SOURCE DATA

_ _ _ _

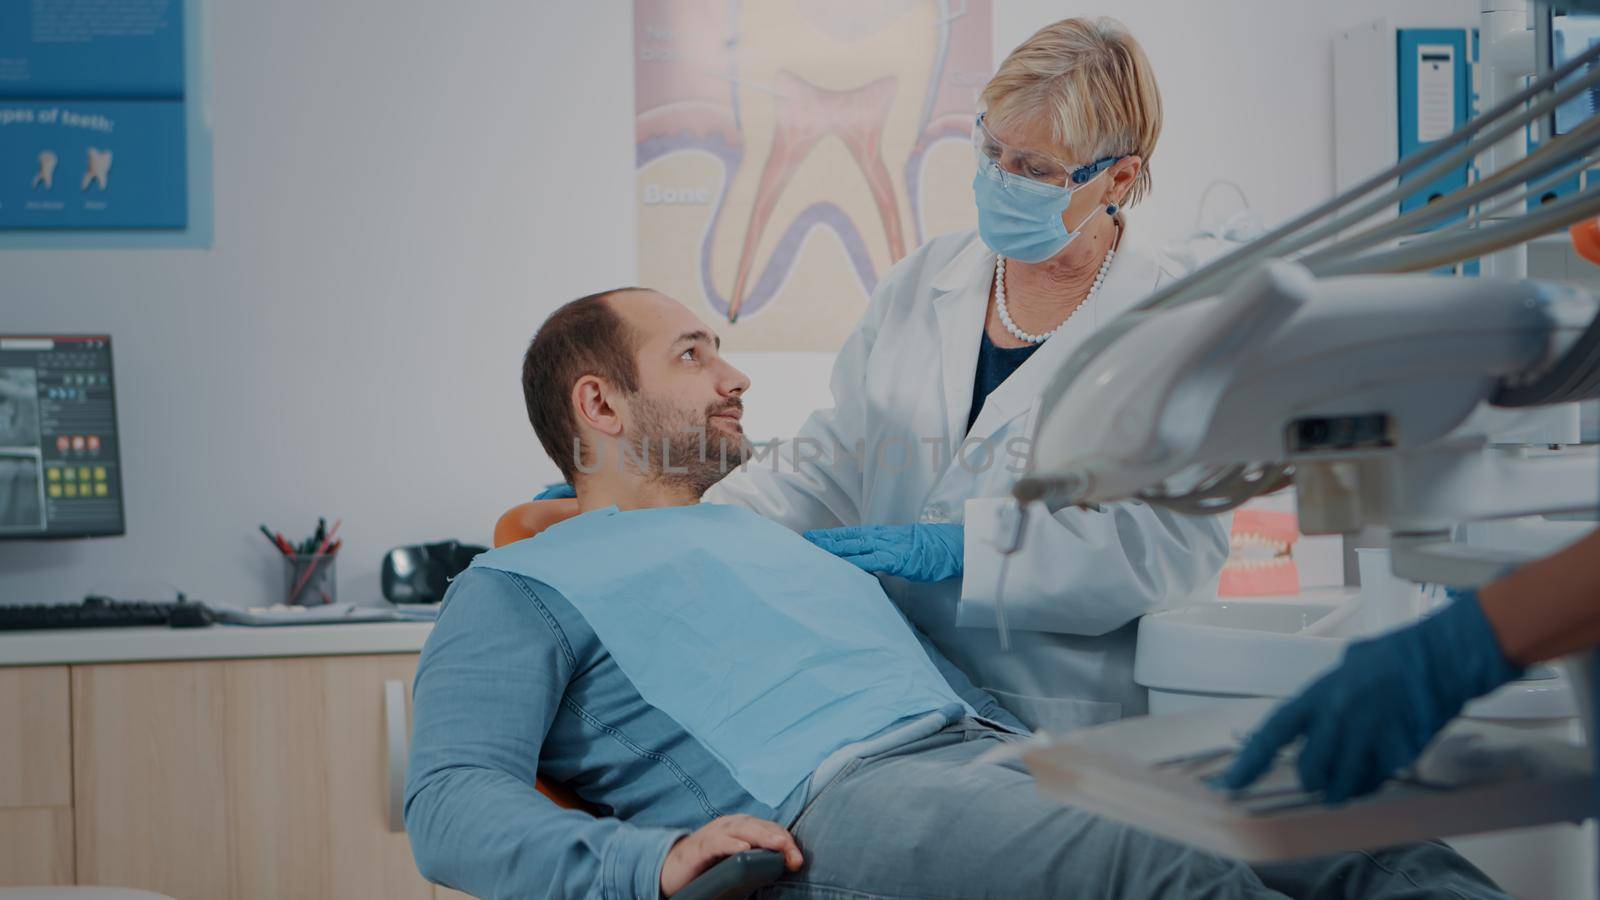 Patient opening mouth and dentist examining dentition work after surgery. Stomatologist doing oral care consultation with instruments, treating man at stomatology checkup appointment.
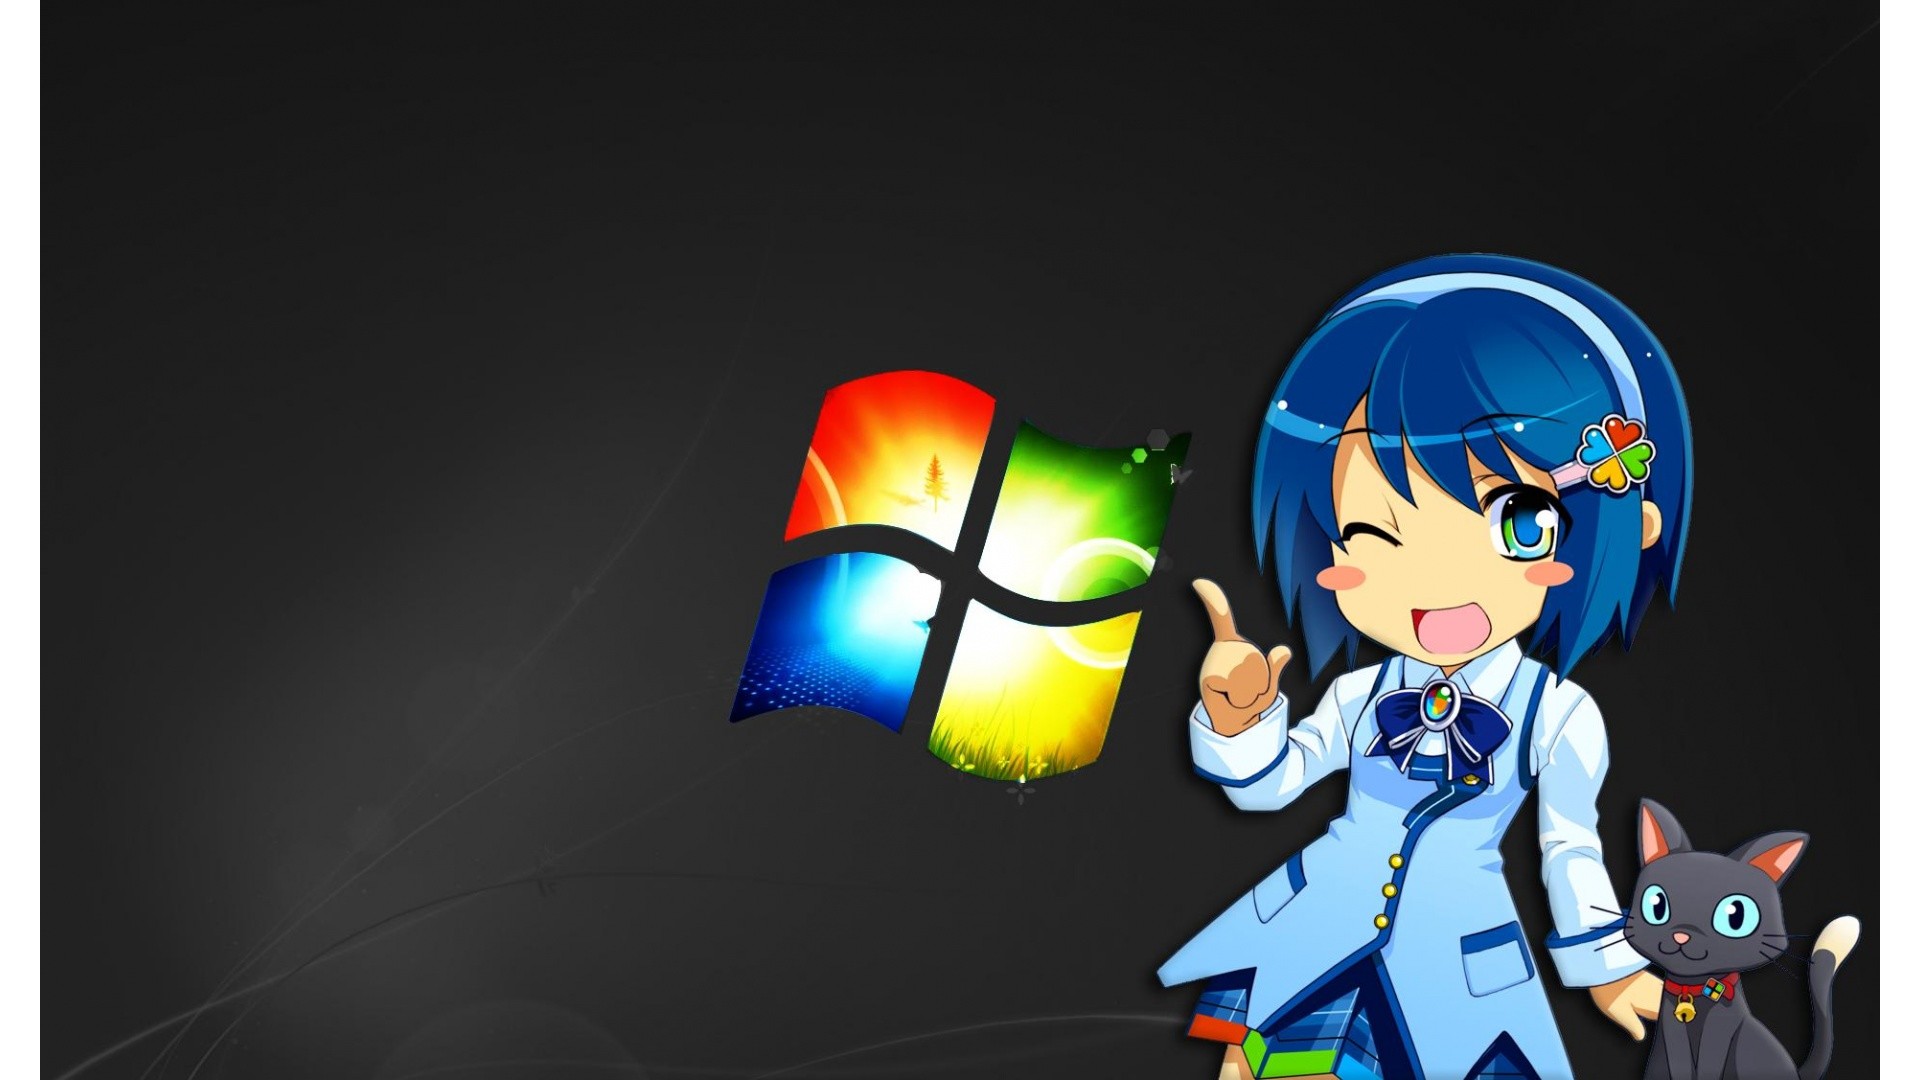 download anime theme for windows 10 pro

_ _ _ _

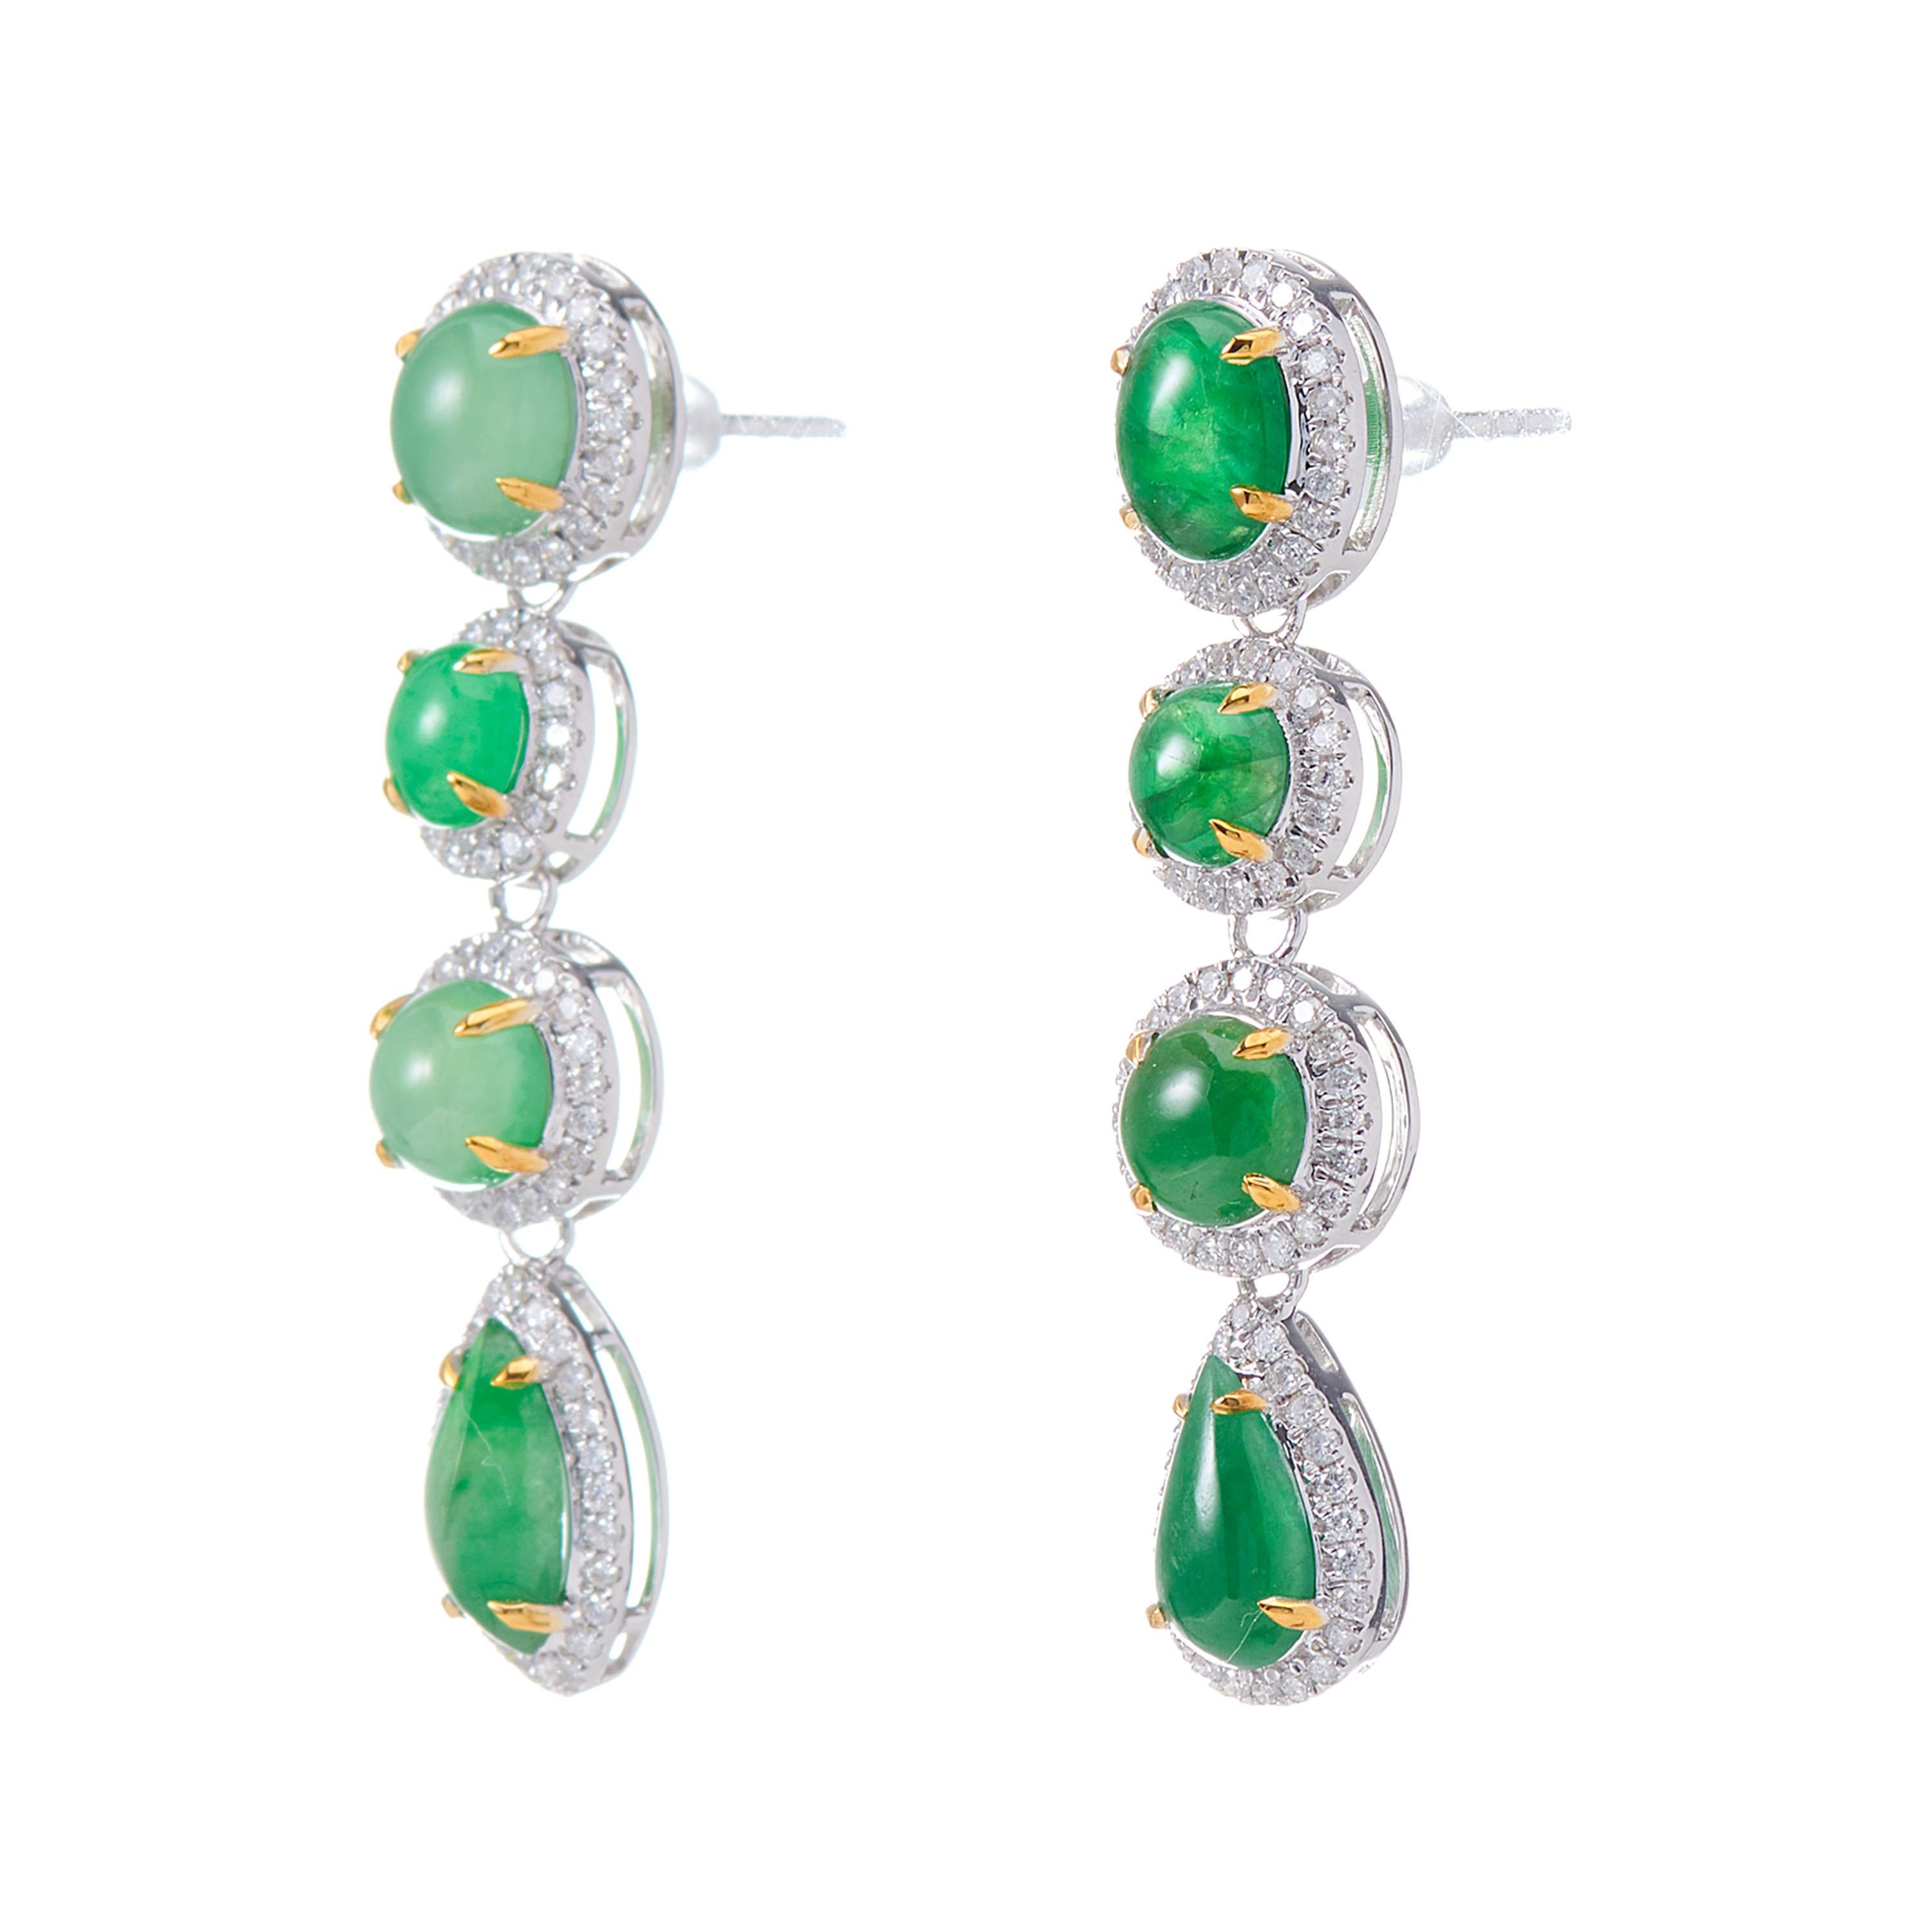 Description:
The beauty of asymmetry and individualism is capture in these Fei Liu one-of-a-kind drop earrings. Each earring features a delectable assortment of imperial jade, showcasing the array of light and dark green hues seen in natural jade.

_ _ _ _

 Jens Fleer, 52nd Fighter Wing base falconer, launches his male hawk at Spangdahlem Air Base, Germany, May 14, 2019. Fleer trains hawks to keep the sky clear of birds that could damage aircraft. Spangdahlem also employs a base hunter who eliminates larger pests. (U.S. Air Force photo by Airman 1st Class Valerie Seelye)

_ _ _ _

GOAL OF THE EXERCISE
Return exactly the part of the listing above that opens with the line containing "Patient opening mouth" and closes with the line containing "download anime theme for windows 10 pro". Pictures stay out.

WRITTEN SOLUTION
 Patient opening mouth and dentist examining dentition work after surgery. Stomatologist doing oral care consultation with instruments, treating man at stomatology checkup appointment.
 download anime theme for windows 10 pro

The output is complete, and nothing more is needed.